Compression Tests

About Test Results Resources


Some very influential sources have been promoting the gzip compression format as the end-all and be-all to our HTTP 1.1 compression needs; some tout gzip as the superior compression format ("Gzip is the most [...] effective compression method..." [source: Best Practices for Speeding Up Your Website]). This, however, is not necessarily true. There are 2 other compression formats commonly available for use on the web.

The Three Compression Formats:

7-10+ byte header
Compressed Data
Checksum* and InputSize**

HTTP 1.1 deflate (aka zlib format)
Compressed Data
Compressed Data
4 byte trailer (Adler-32* checksum)

raw deflate (deflate format)
Compressed Data

You can see that raw deflate can always be the fastest-to-encode format and result in the smallest output.

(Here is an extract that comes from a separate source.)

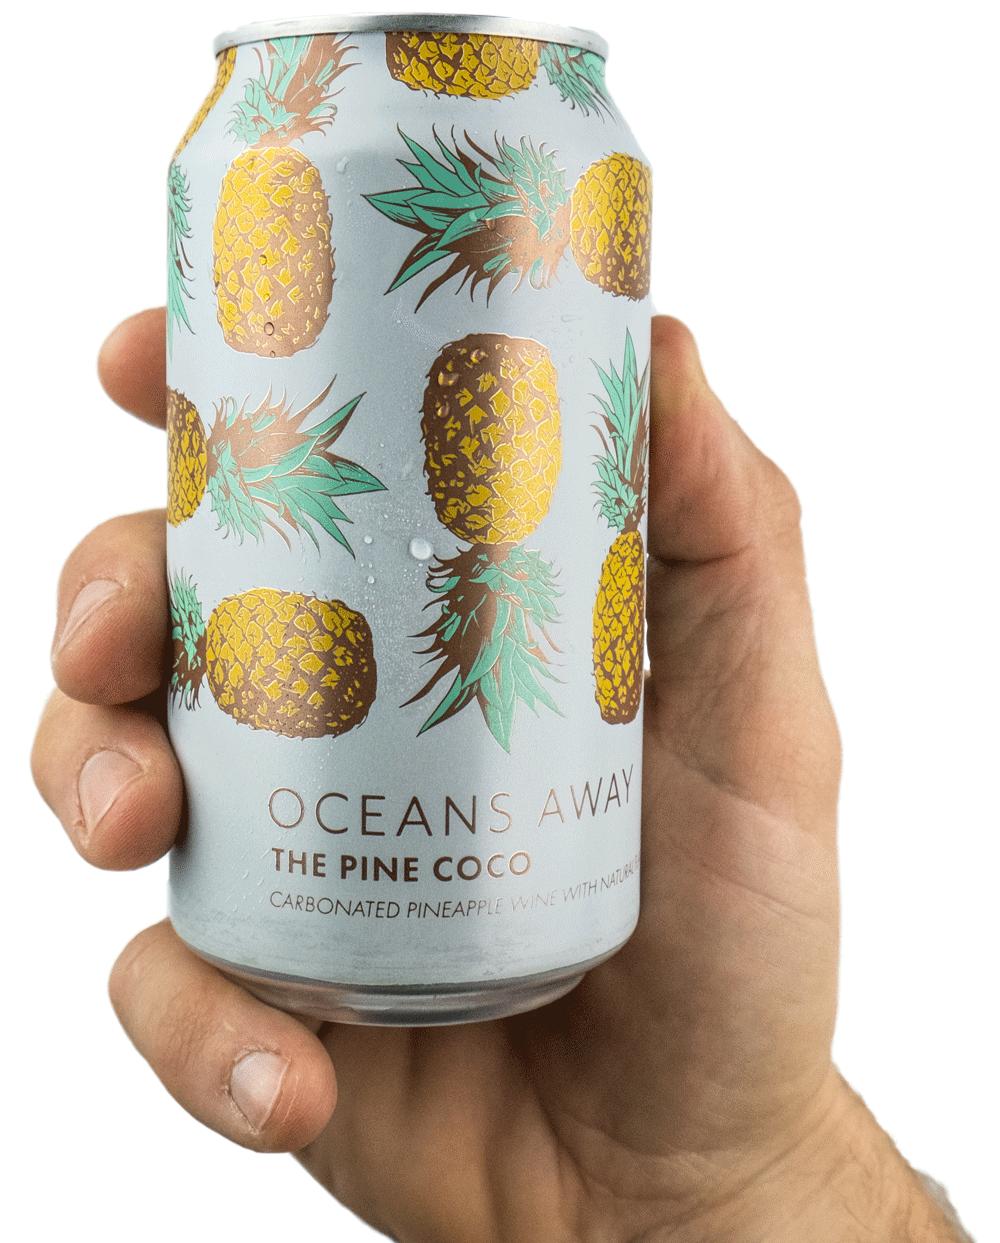 Oceans-Away-Pine-Coco-Caninhand

The issues stems from the fact that, according to spec (HTTP 1.1's RFC 2616), raw deflate should not be supported by browsers. Essentially, a browser should be expecting the zlib format for data received with a "Content-Encoding: deflate" response header.

Now, the problem with RFC 2616 is that Microsoft didn't actually implement HTTP 1.1 deflate. Instead, they chose to implement raw deflate. A server responding with HTTP 1.1 deflate (zlib) will result in, well, nothing...the browser won't be able to decode the data. On top of that, .NET's System.IO.Compression.DeflateStream implementation of deflate also uses raw deflate and Apache's moddeflate confusingly sends gzip; and no, you can't force moddeflate to send HTTP 1.1 deflate or raw deflate (at least as of September 13, 2010).

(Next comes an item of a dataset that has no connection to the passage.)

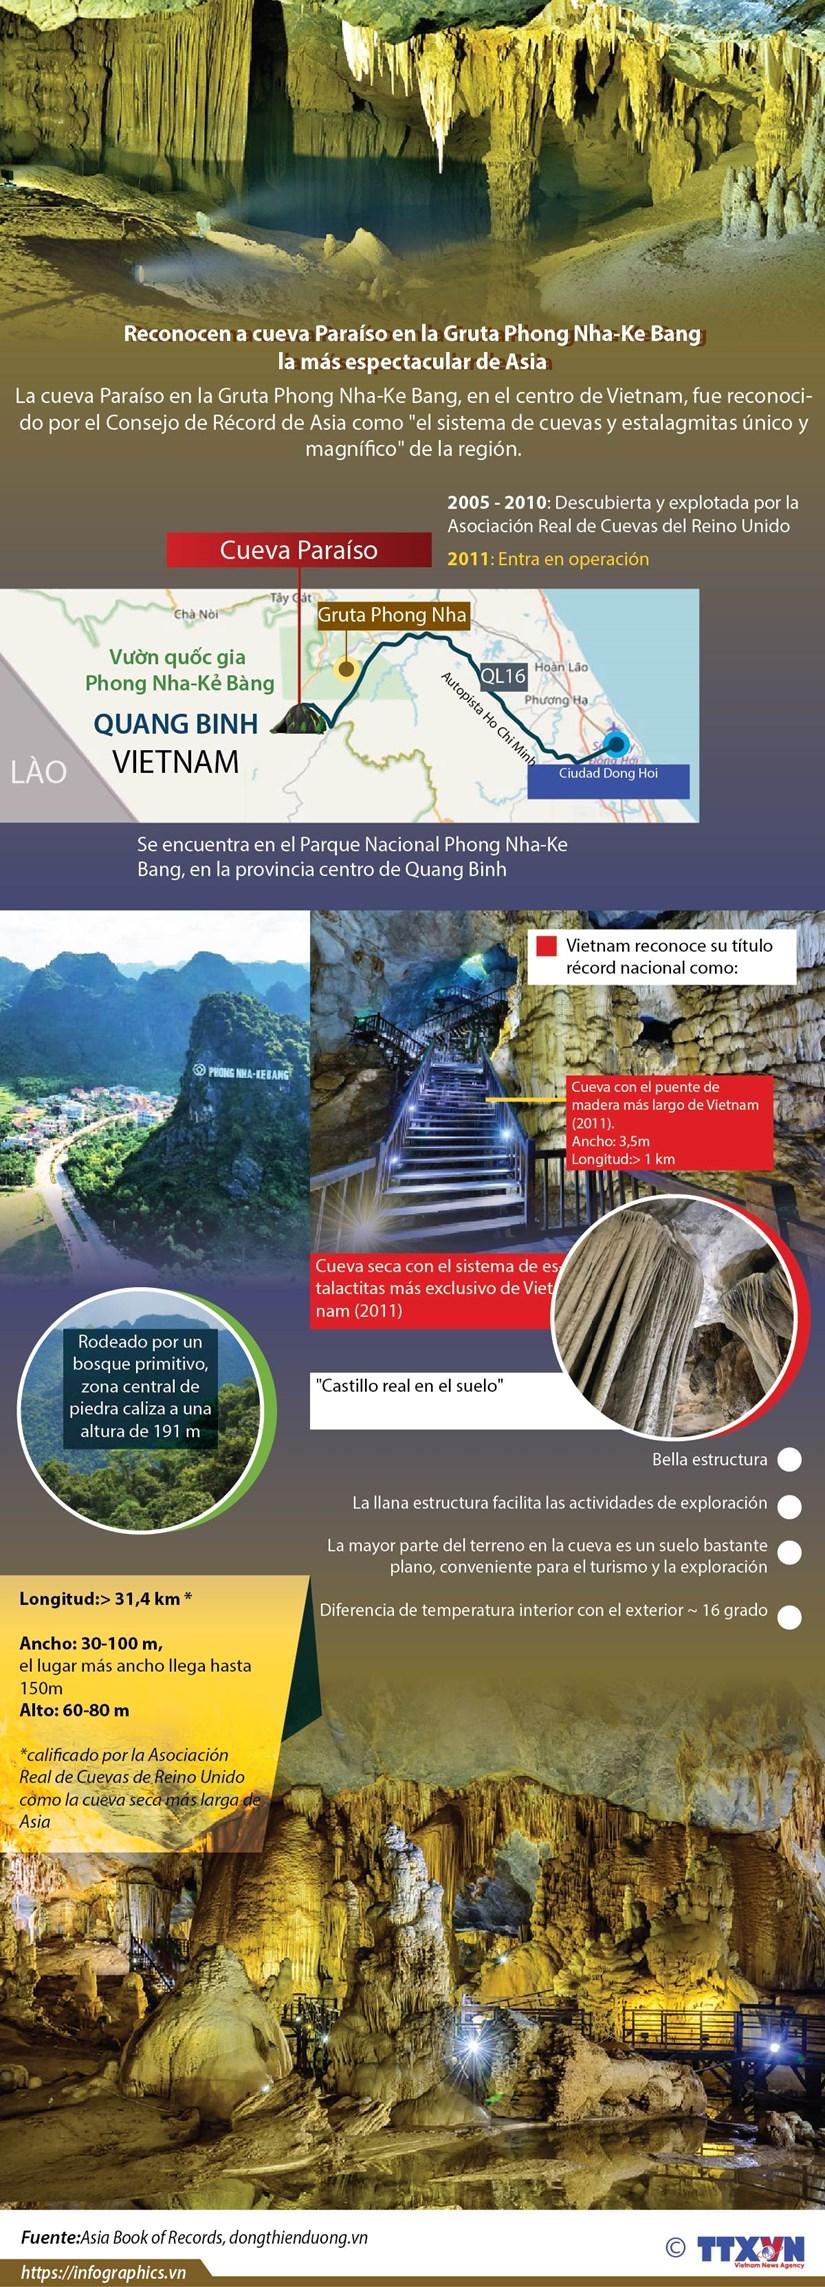 [Info] Reconocen a cueva Paraiso en la Gruta Phong Nha-Ke Bang la mas espectacular de Asia hinh anh 1

What about the other browsers that include "deflate" in their Accept-Encoding request header? Well, most of them can decode both HTTP 1.1 deflate and raw deflate with no problems.

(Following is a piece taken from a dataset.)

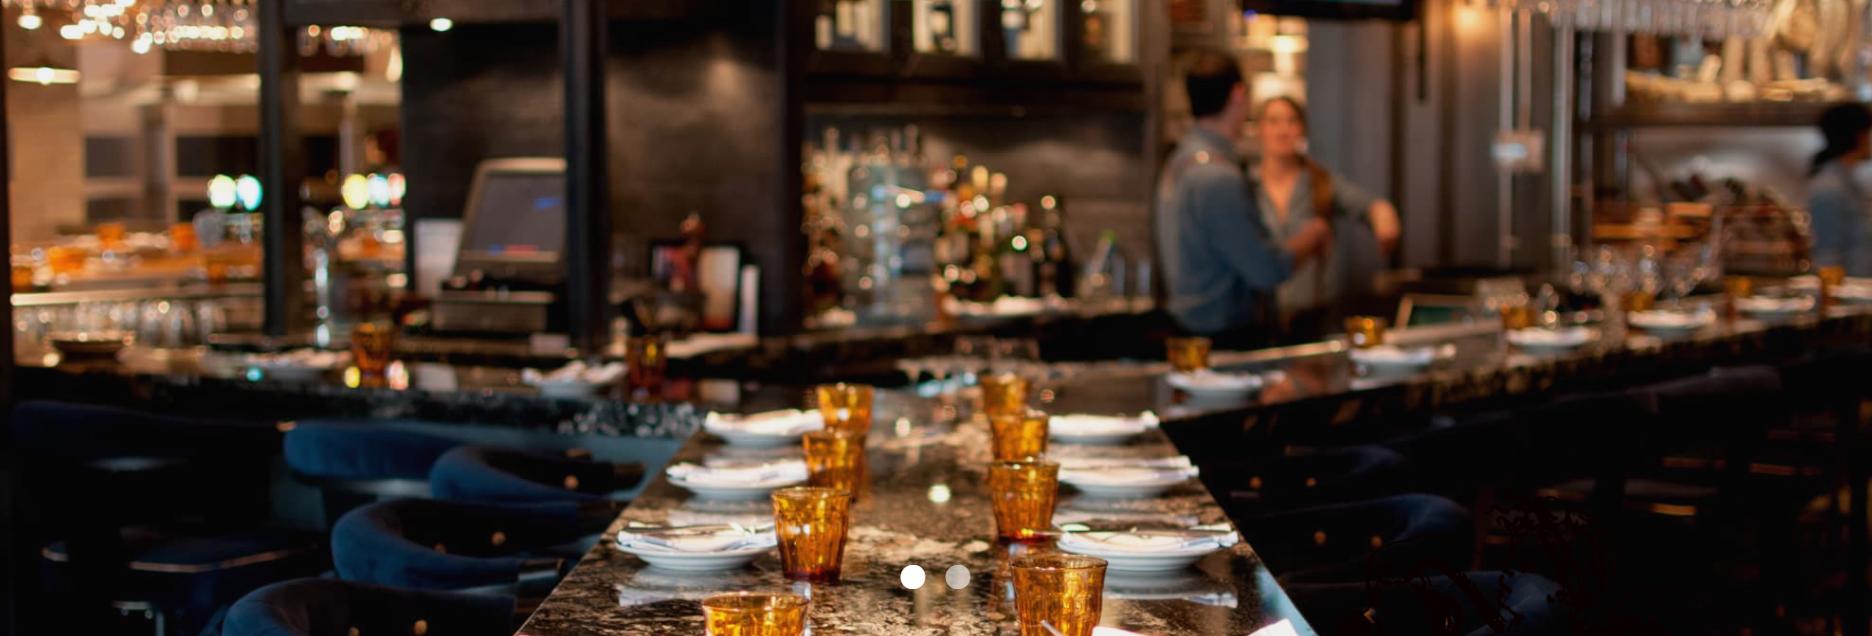 Taverna Mercatto is a Tribute to the Classic Italian Tavern

So, what is the best compression format to send to HTTP 1.1 capable browsers that send an "Accepting-Encoding: gzip, deflate" request header?

The Answer: raw deflate!

UPDATE February 10, 2012: zOompf published an in-depth look into HTTP compression that is worth a look. While RAW DEFLATE is faster and lighter, it appears that GZIP is more stable, especially in modern browsers.

View test data here.

* Checksum is a CRC (cyclic redundancy check) - it can be used to check for errors in the payload's data (wiki).
** InputSize is the size of the original (uncompressed) input data modulo 2^32 ( actualInputSize % (2/32) ).
*** Alder 32 is a very efficient checksum algorithm (wiki).